Artist To Shoot Photo of 100 Nude Women During Republican National Convention

SpencerTunick
Associated Press

New York-based artist Spencer Tunick — famous for his massive nude photo shoots — is organizing a large-scale nude exhibition in Cleveland, Ohio during the week of the Republican National Convention.

Tunick plans to place 100 naked women on private property, where they will hold up mirrors to reflect the “concept of ‘Mother Nature’ into and onto the convention center,” where the Republican party will nominate its presidential nominee.

Tunick said he wants the project to “energize the city, to heat it up, and this ray of light bringing knowledge and helping maybe to tone down the rhetoric of hate and prejudice against women preceding the convention.”

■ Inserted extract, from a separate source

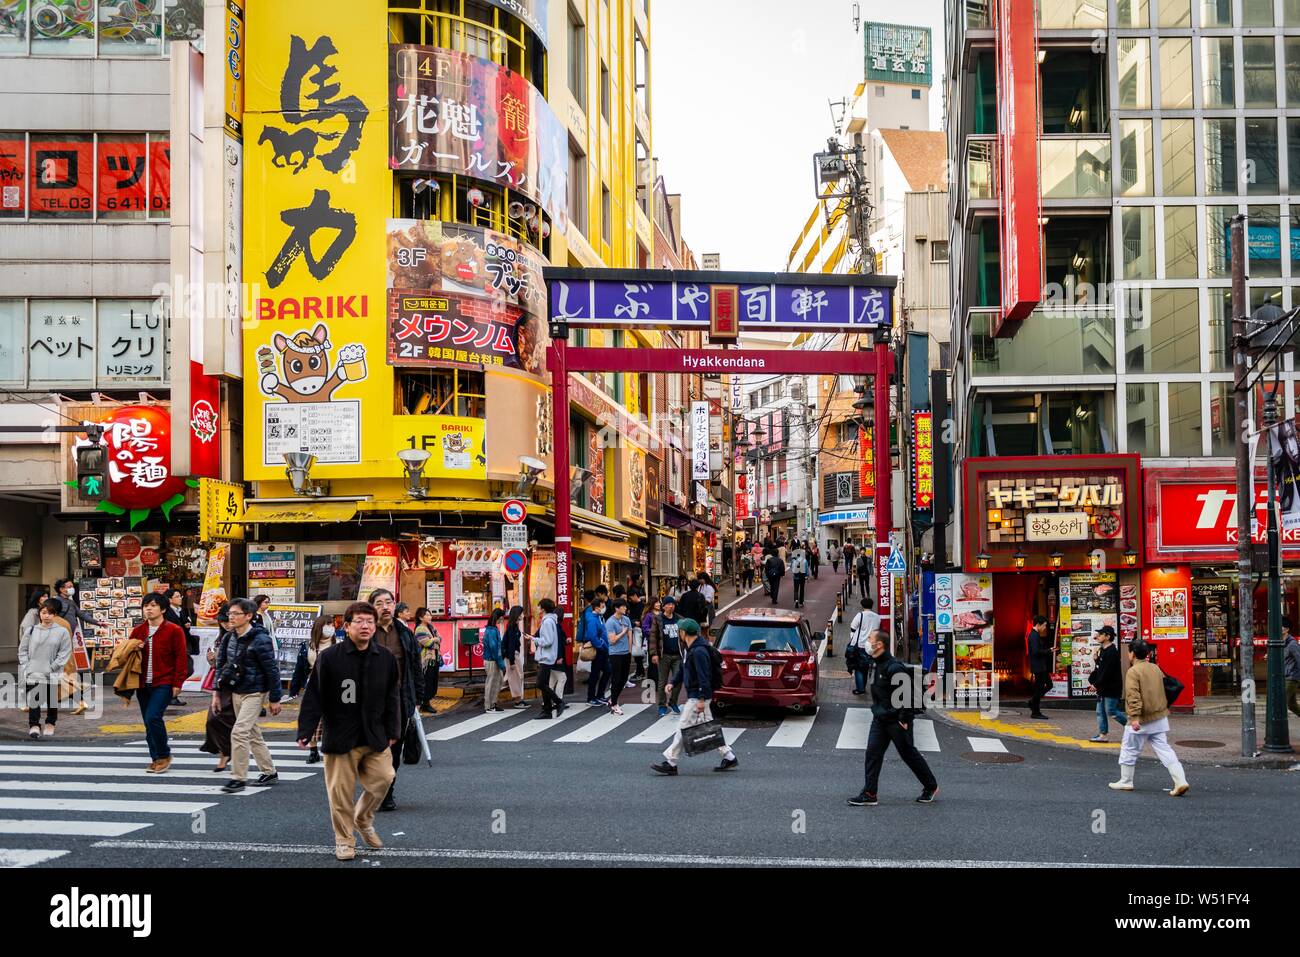 Street with many shopping centers and shops, Shibuya, Udagawacho, Tokyo, Japan Stock Photo

The photographer further explains the concept of his latest photoshoot on his website:

“The photograph will involve 100 nude women holding large mirror discs, reflecting the knowledge and wisdom of progressive women and the concept of ‘Mother Nature’ into and onto the convention center, cityscape and horizon of Cleveland. The philosophy of the artwork relates to the idea of the sacred feminine. By holding mirrors, we hope to suggest that women are a reflection and embodiment of nature, the sun, the sky and the land. We want to express the belief that we will rely upon the strength, intuition and wisdom of progressive and enlightened women to find our place in nature and to regain the balance within it. The mirrors communicate that we are a reflection of ourselves, each other, and of, the world that surrounds us. The woman becomes the future and the future becomes the woman.”

The 49-year-old photographer is asking interested women to submit a photo and personal information to his website — a forum that features fully nude men and women.

Tunick has been traveling the world and taking photos of nude people people since the early 1990s. In 2004, he photographed 2,754 people in Cleveland on East 9th Street, near the lakefront.

“I never really do protest work. And I thought maybe I don’t want Cleveland to be a protest work,” Tunick told the Clevland Scene. “Maybe I want it to be a work that women can be part of, maybe to heighten the idea that women will decide the outcome of this election and will have a more powerful presence in the future of politics, the future of the country, and the future of the world. It’s not so much a protest but an action, a wake-up call to the absurdity of politics and discrimination.”